/SynCoTrain

Co-Training for Crystal Synthesizability Prediction

Primary LanguageJupyter NotebookMIT LicenseMIT

SynCoTrain

Co-Training for Crystal Synthesizability Prediction

Intoroduction

SynthCoTrain is a materials-informatics package which predicts the synthesizability of crystals. The nature of the problem is a semi-supervised classification, in which we access only to positively labeled and unlabeled data points. SynCoTrain does this classification task by combining two semi-supervised classification methods: Positive and Unlabeled (PU) Learning and Co-training. The classifiers used in this package are ALIGNN and SchNetPack.

cotraining scheme

The final model achieves a notable true-positive rate of 96% for the experimentally synthesized test-set and predicts that 29% of the theoretical crystals are synthesizable. These results go beyond the scope of thermodynamic stability analysis alone. This work carries significant implications, including the filtration of structural predictions from high-throughput simulations to identify synthesizable candidates.

Installation

It is recommended to create a virtual environment with mamba and miniforge to install the different packages easily. Start by installing mamba according to the instructions here.

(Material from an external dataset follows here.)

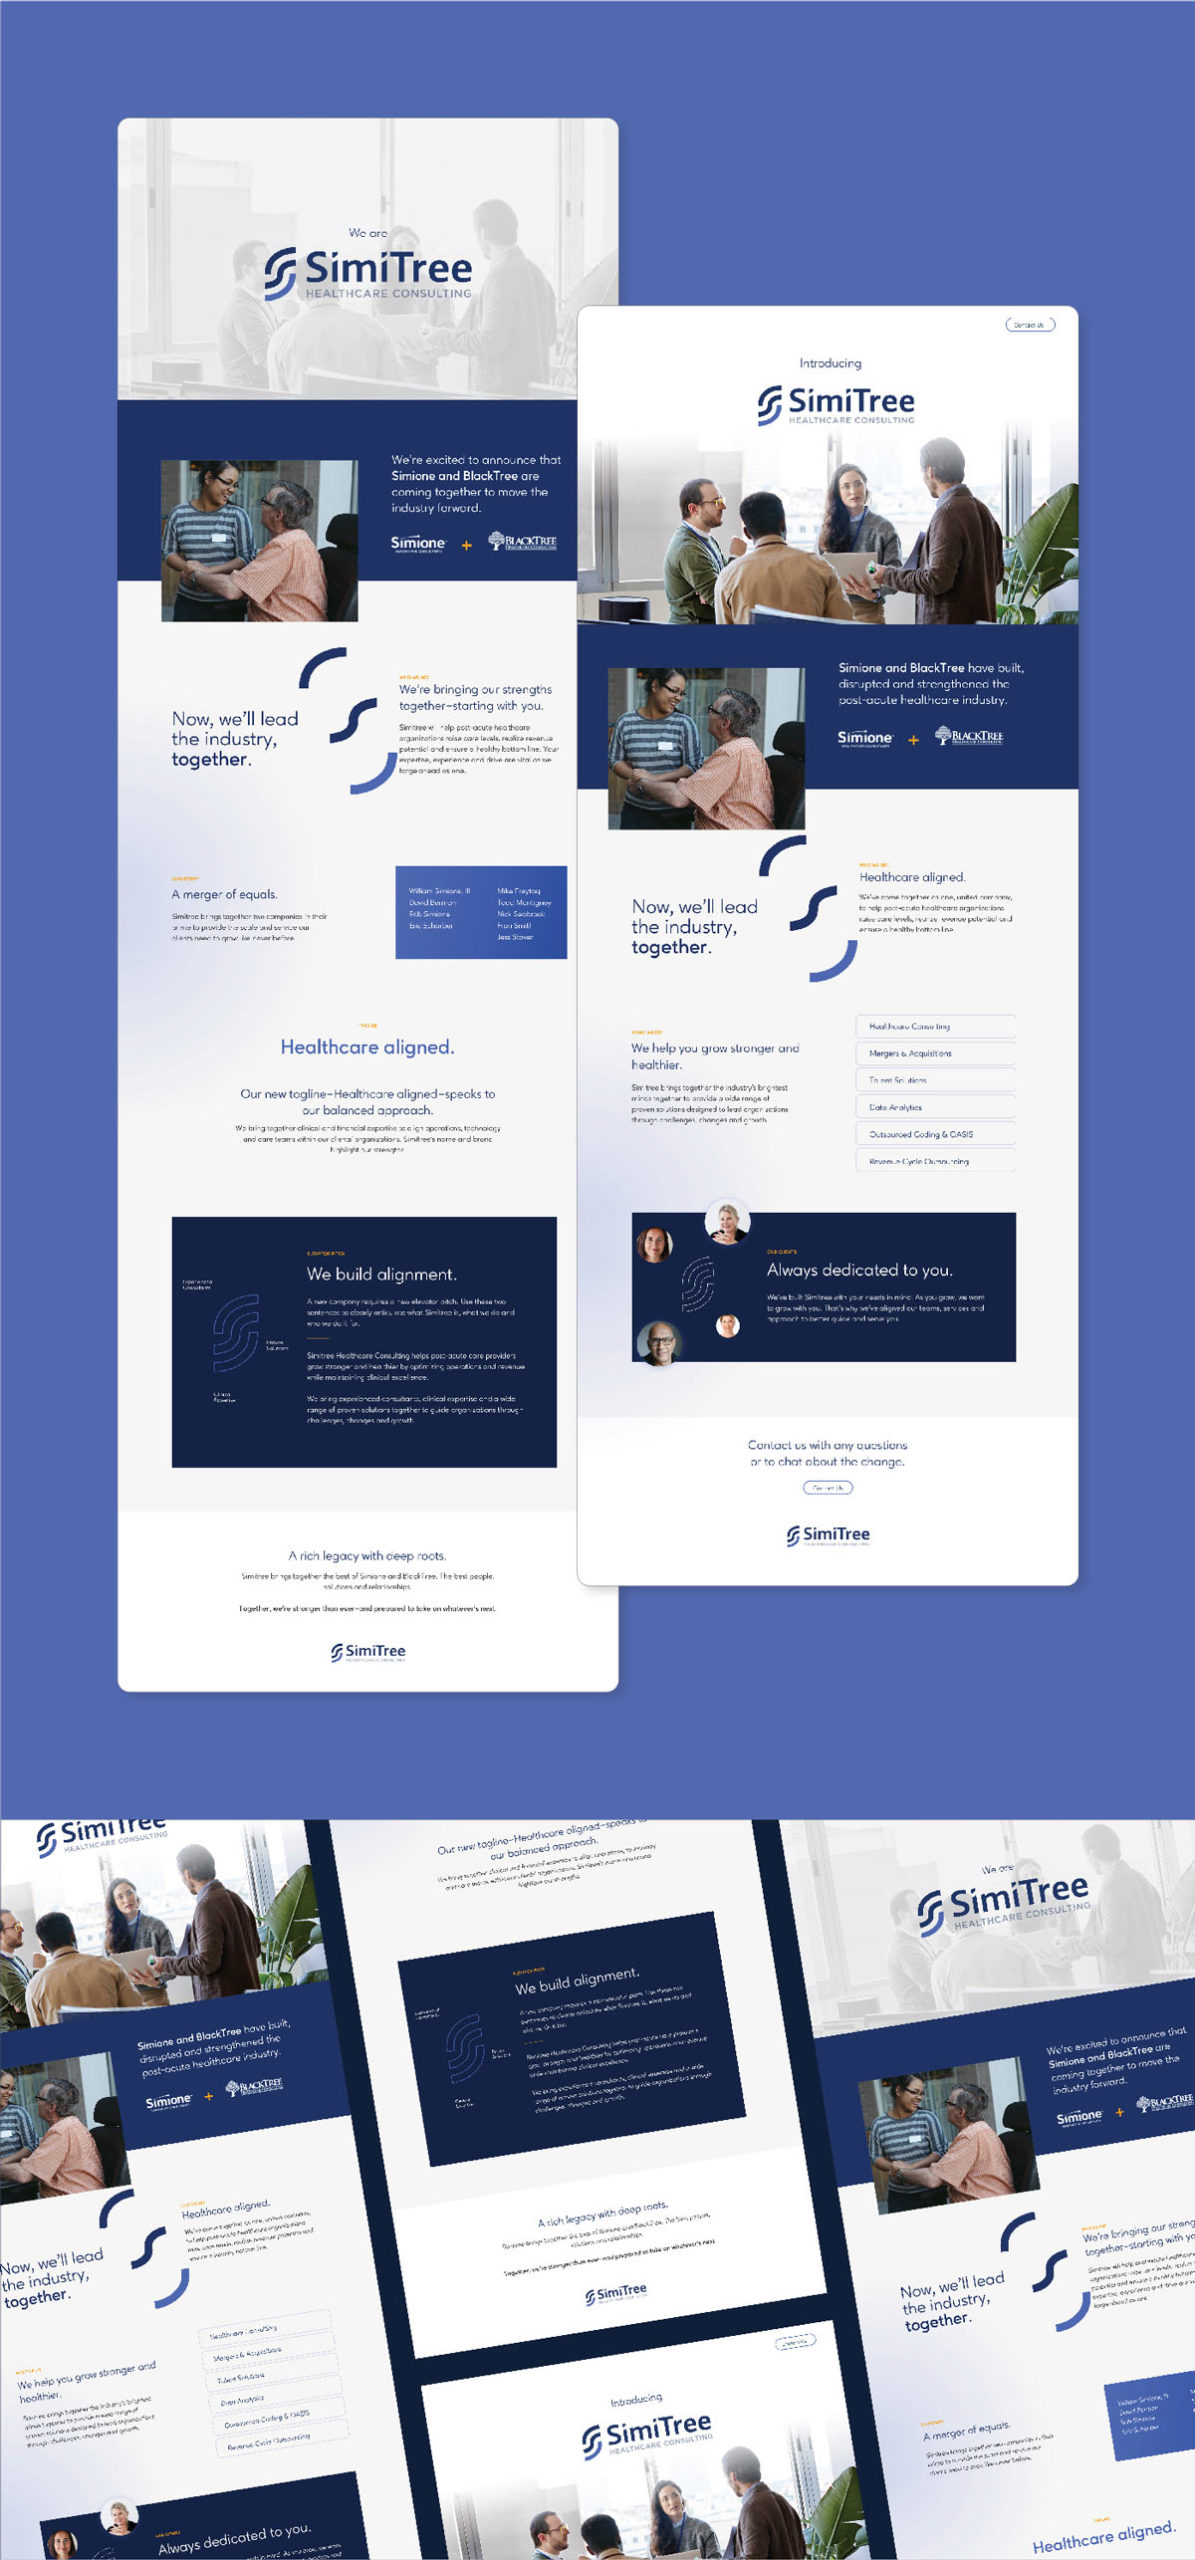 Two SimiTree landing pages launched during the healthcare merger announcement

Then we can create our environment and activate it. Let's call it sync:

mamba create -n sync python=3.10
mamba activate sync
Method 1

The easiest way of installing all the required libraries is to take advantage of the requirements.txt file:

pip install -r requirements.txt

Then, you can clone this repository in your preferred path and install it with the following commands:

cd /path/to/parent/directory
git clone https://github.com/sasanamari/SynCoTrain.git
cd SynCoTrain
pip install .
Method 2

If the first method does not conclude successfully, you can try installing the required libraries manually. Start by installing the ALIGGN model by following these instructions or executing the commands below line by line:

mamba install pytorch torchvision torchaudio pytorch-cuda=11.8 -c pytorch -c nvidia
mamba install -c dglteam/label/cu118 dgl
pip install alignn
pip install dgl==1.0.1+cu117 -f https://data.dgl.ai/wheels/cu117/repo.html

Next, you'll need to install SchNetPack. To ensure compatibility with SynCoTrain, you could use the exact version of SchNetPack that was used during development. Follow the commands below to clone the SchNetPack repository, navigate to it, checkout the specific commit, and install:

git clone https://github.com/atomistic-machine-learning/schnetpack.git
cd schnetpack
git checkout 6fe78ef23313ef1c7c07991cd046ca4d49da8717
pip install .

The final required package is Pymatgen which can be installed according to the instruction here or simply using command:

mamba install --channel conda-forge pymatgen

After installing all the required packages, SynCoTrain can be installed as explained in method #1 by cloning the repository in an appropriate path:

cd /path/to/parent/directory
git clone https://github.com/sasanamari/SynCoTrain.git
cd SynCoTrain
pip install .

Predicting Synthesizability of Oxides

You don't need to train the model from scratch if you are only interested in predicting synthesizability. The current version of SynCoTrain has been trained to predict the synthesizability of oxide crystals. To this end, you may use the checkpoint file predict_target/synth_final_preds/checkpoint_120.pt and follow the instructions on ALIGNN repository on how to use a pretrained model. Alternatively, you can deposite the POSCAR files of the crystals of your interest in a directory in predict_target/label_alignn_format/poscars_for_synth_prediction/<your_directory_name>. The command below predicts the synthesizability of these crystals and saves them in synth_pred.csv in the same directory:

python predict_target/synthesizability_predictor.py --directory_name <your_directory_name>

The results will be saved in predict_target/label_alignn_format/synth_preds.csv.

Auxiliary exeperiments

This package provides two auxiliary experiments to evaluate the model further. The first one includes running the regular experiments on only 5% of the available data. This is useful for checking the workflow of the code, without waiting for weeks for the computation to conclude. Please note that quality of results will suffer, as there is less data available for training. The second auxiliary experiment consists of classifying the stability of crystals based on their energy above hull, through the same PU Learning and Co-training code. The utility of this experiment is that, unlike a real case of Positive and Unlabeled Learning, we have access to correct labels of the unlabeled class. As stability is highly related to synthesizability, the quality of this experiment can be used as a proxy to judge the quality of the main experiment. We are mainly interested to see whether the real true-positive-rate of these experiments are close in value to the true-positive-rate produced by PU Learning.

Training the models

To replicate the results of this library, you need to run the scripts made for running each PU experiment. There are three experiments for each of the base classifiers, with pre-defined data handling. Each experimment consists of 60 iterations of PU learning.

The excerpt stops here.